Top of EXERCISE MATERIALS
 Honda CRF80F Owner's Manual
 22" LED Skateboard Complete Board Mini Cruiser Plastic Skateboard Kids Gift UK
Bottom of EXERCISE MATERIALS
Top of EXERCISE MATERIALS
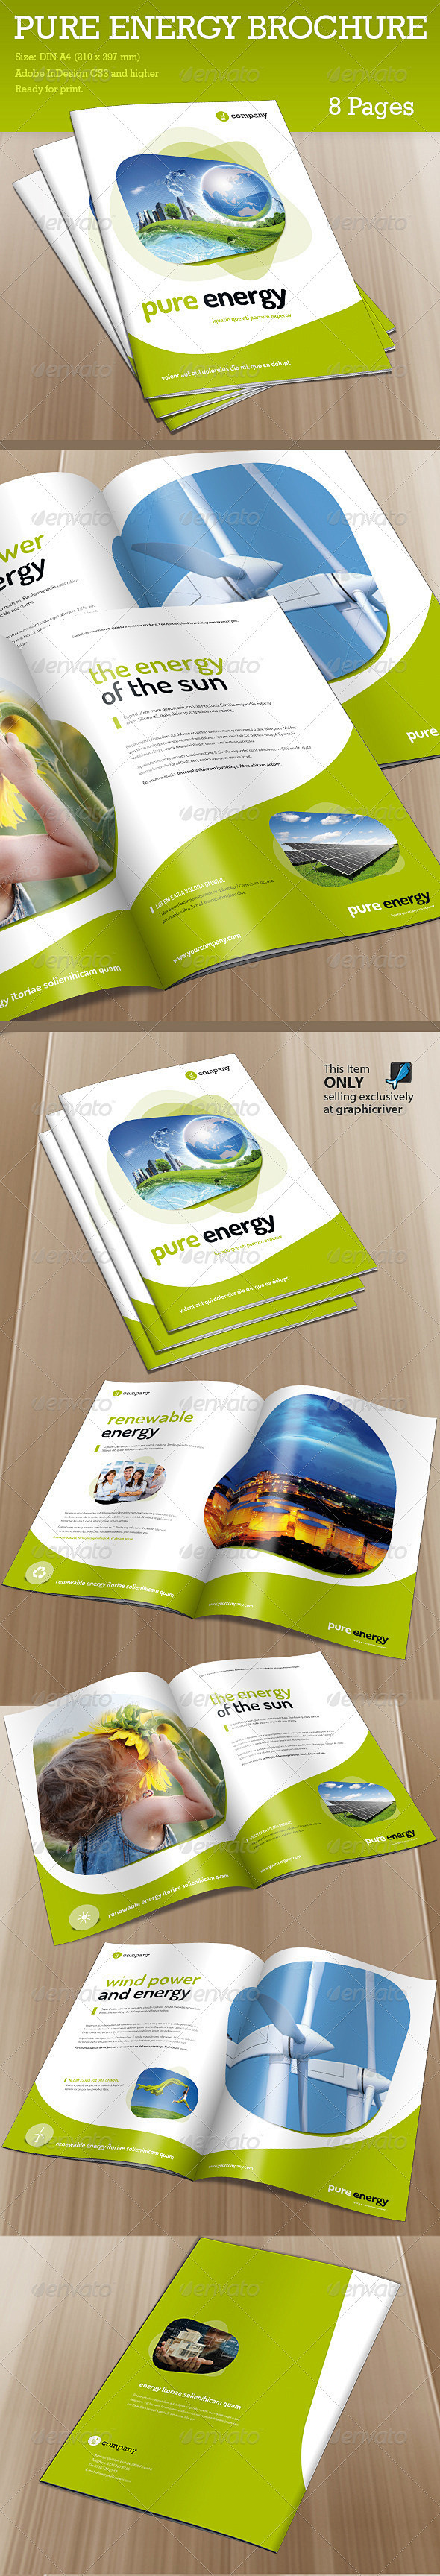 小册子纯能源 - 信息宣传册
Bottom of EXERCISE MATERIALS
Top of EXERCISE MATERIALS
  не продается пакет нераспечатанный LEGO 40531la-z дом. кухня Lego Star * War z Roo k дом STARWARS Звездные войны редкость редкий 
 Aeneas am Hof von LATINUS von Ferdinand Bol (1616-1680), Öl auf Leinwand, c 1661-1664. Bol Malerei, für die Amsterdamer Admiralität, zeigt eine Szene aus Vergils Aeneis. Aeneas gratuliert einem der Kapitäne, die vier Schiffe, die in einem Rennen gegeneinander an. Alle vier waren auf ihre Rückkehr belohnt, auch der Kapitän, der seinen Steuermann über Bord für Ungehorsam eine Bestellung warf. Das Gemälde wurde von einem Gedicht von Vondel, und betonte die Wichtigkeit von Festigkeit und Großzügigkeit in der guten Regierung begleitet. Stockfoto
Bottom of EXERCISE MATERIALS
* EXERCISE
For the lines above, output exactly those from the line containing "Honda CRF80F Owner's Manual" through the line containing "Kids Gift UK", and skip the others.

* ANSWER
 Honda CRF80F Owner's Manual
 22" LED Skateboard Complete Board Mini Cruiser Plastic Skateboard Kids Gift UK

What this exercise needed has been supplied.